Return the data below unaltered, but strip out the pictures.
(DATA SHOWN Opens)
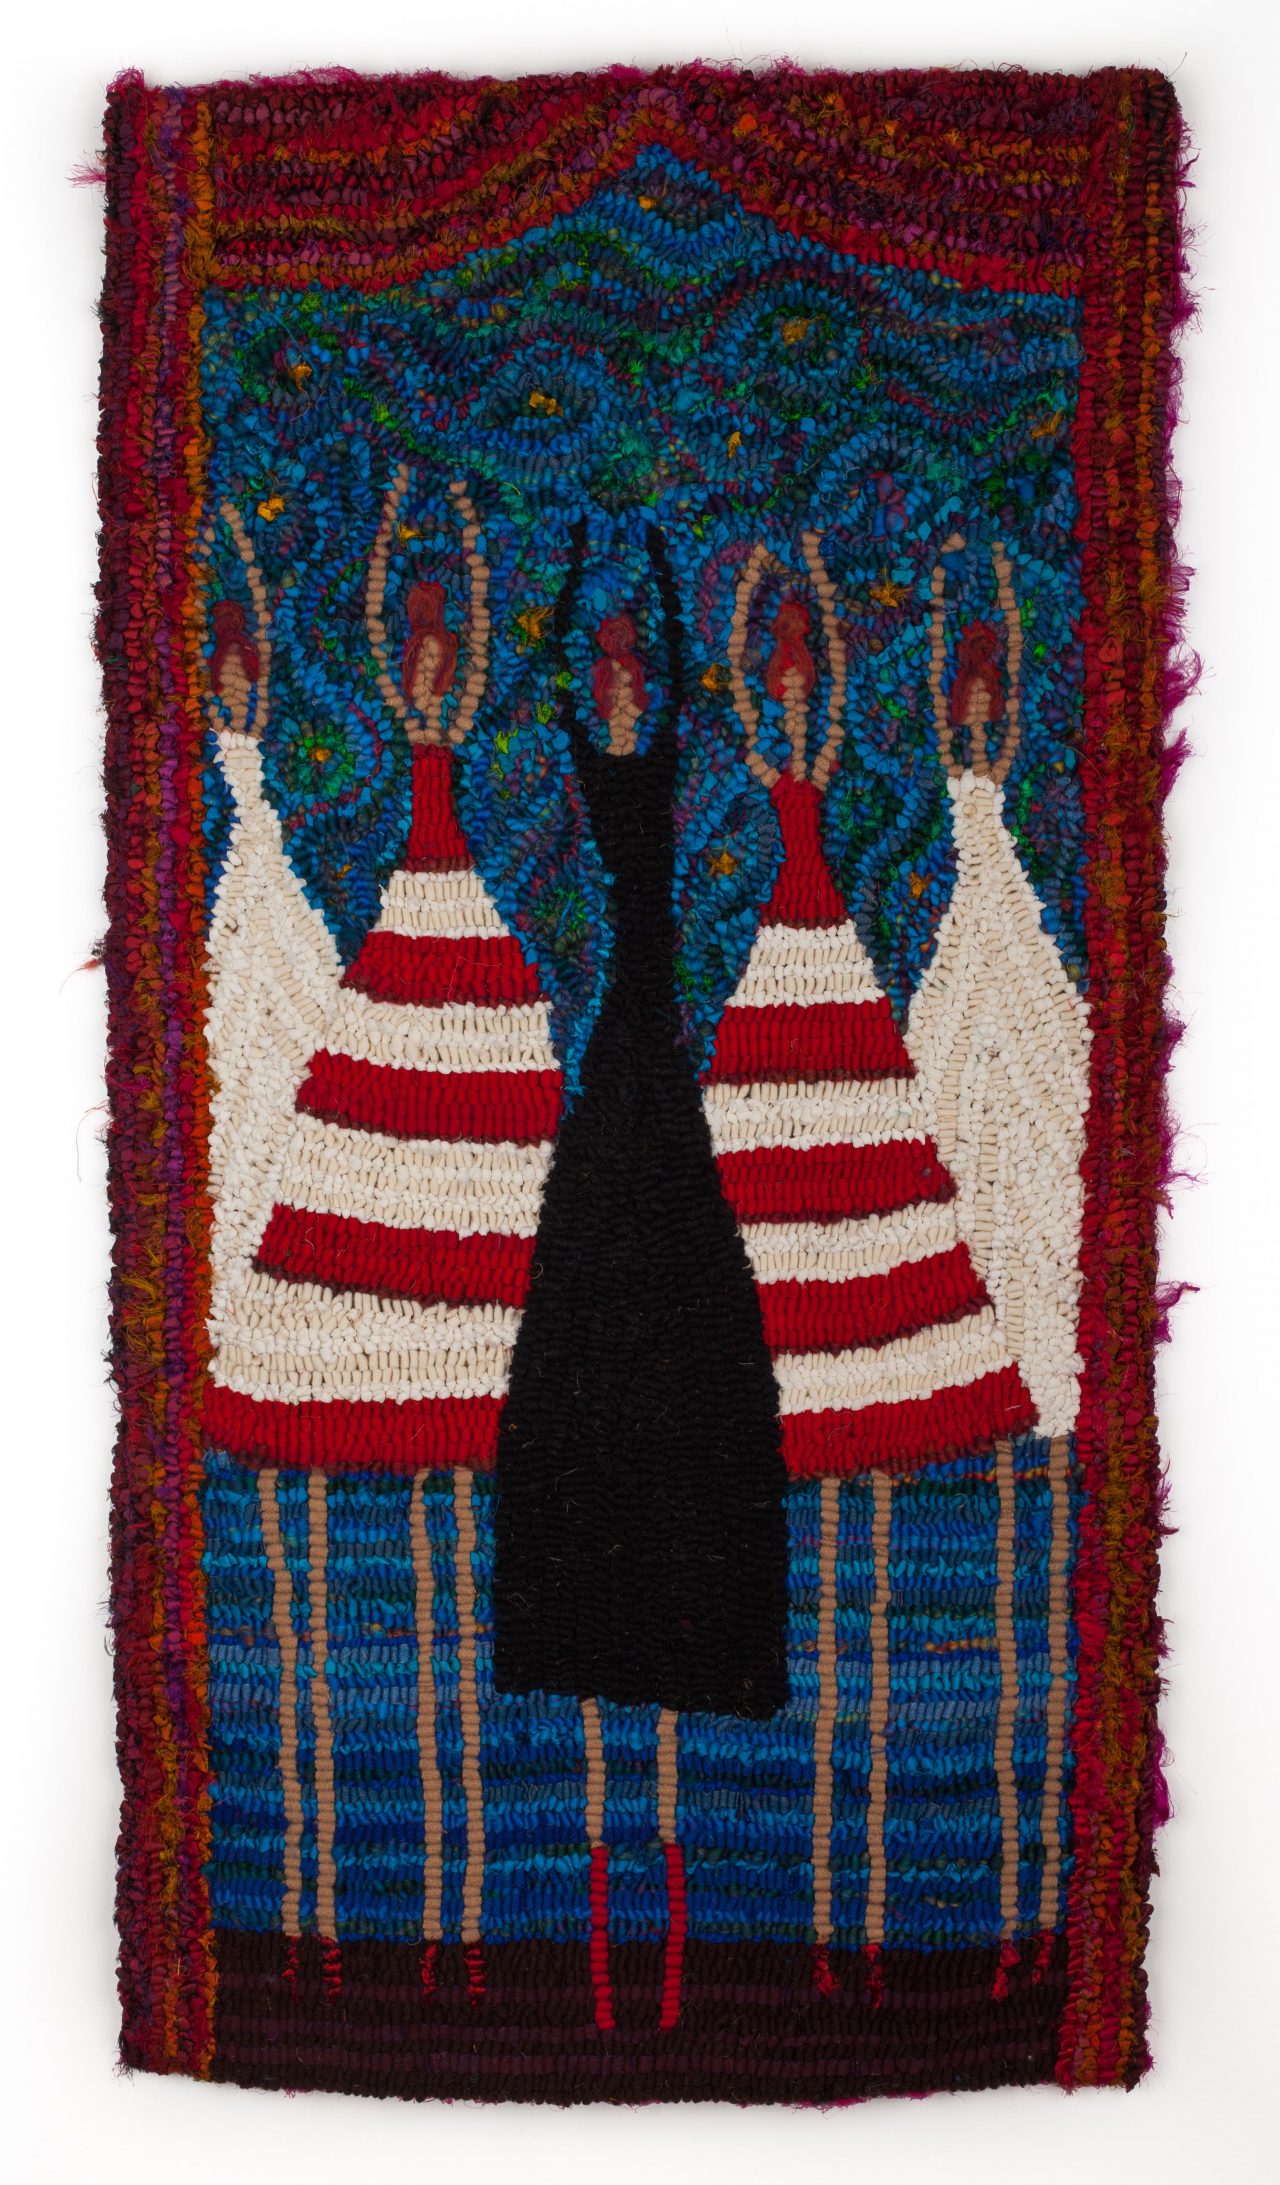 A rug hooked piece of art featuring 5 female figures, 1 in the middle with in a black dress, 2 in red and white stripes and 2 in white with a blue background and red edging by Laura Kenney.
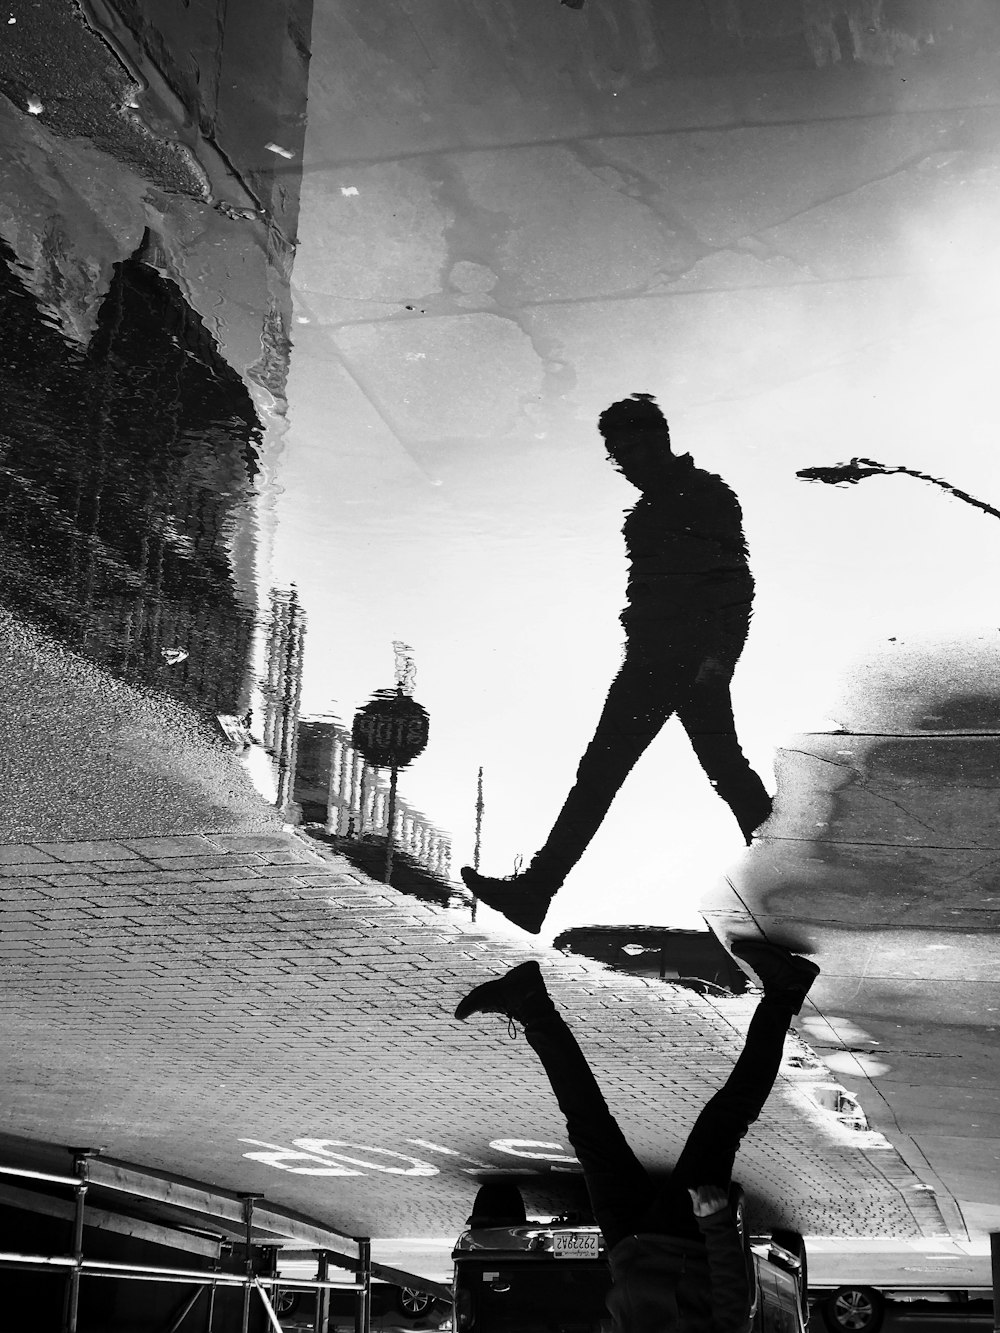 water reflection shadow of man walking on street in grayscale photography
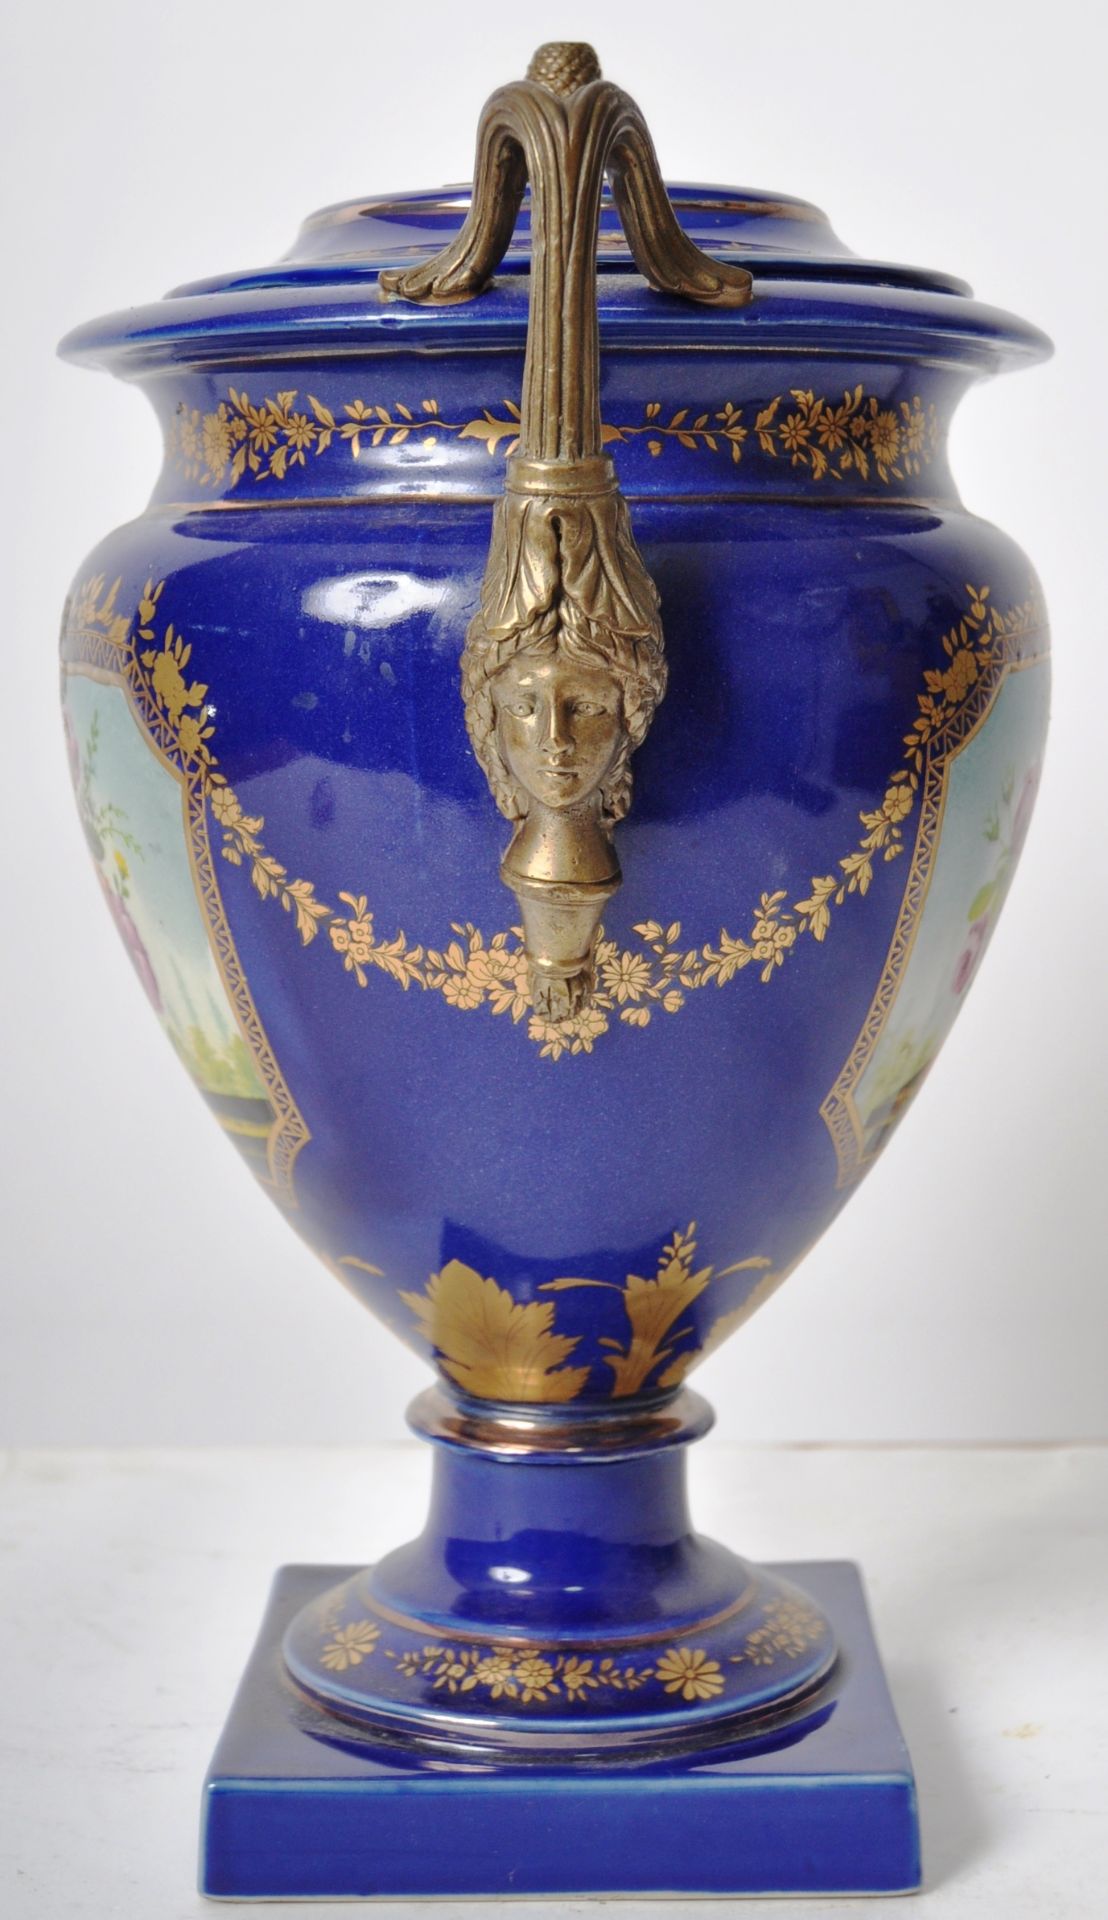 EARLY 20TH CENTURY PORCELAIN LIDDED URN - Image 5 of 11
(DATA SHOWN Closes)
*PROBLEM SOLUTION*:
 A rug hooked piece of art featuring 5 female figures, 1 in the middle with in a black dress, 2 in red and white stripes and 2 in white with a blue background and red edging by Laura Kenney.
 water reflection shadow of man walking on street in grayscale photography
 EARLY 20TH CENTURY PORCELAIN LIDDED URN - Image 5 of 11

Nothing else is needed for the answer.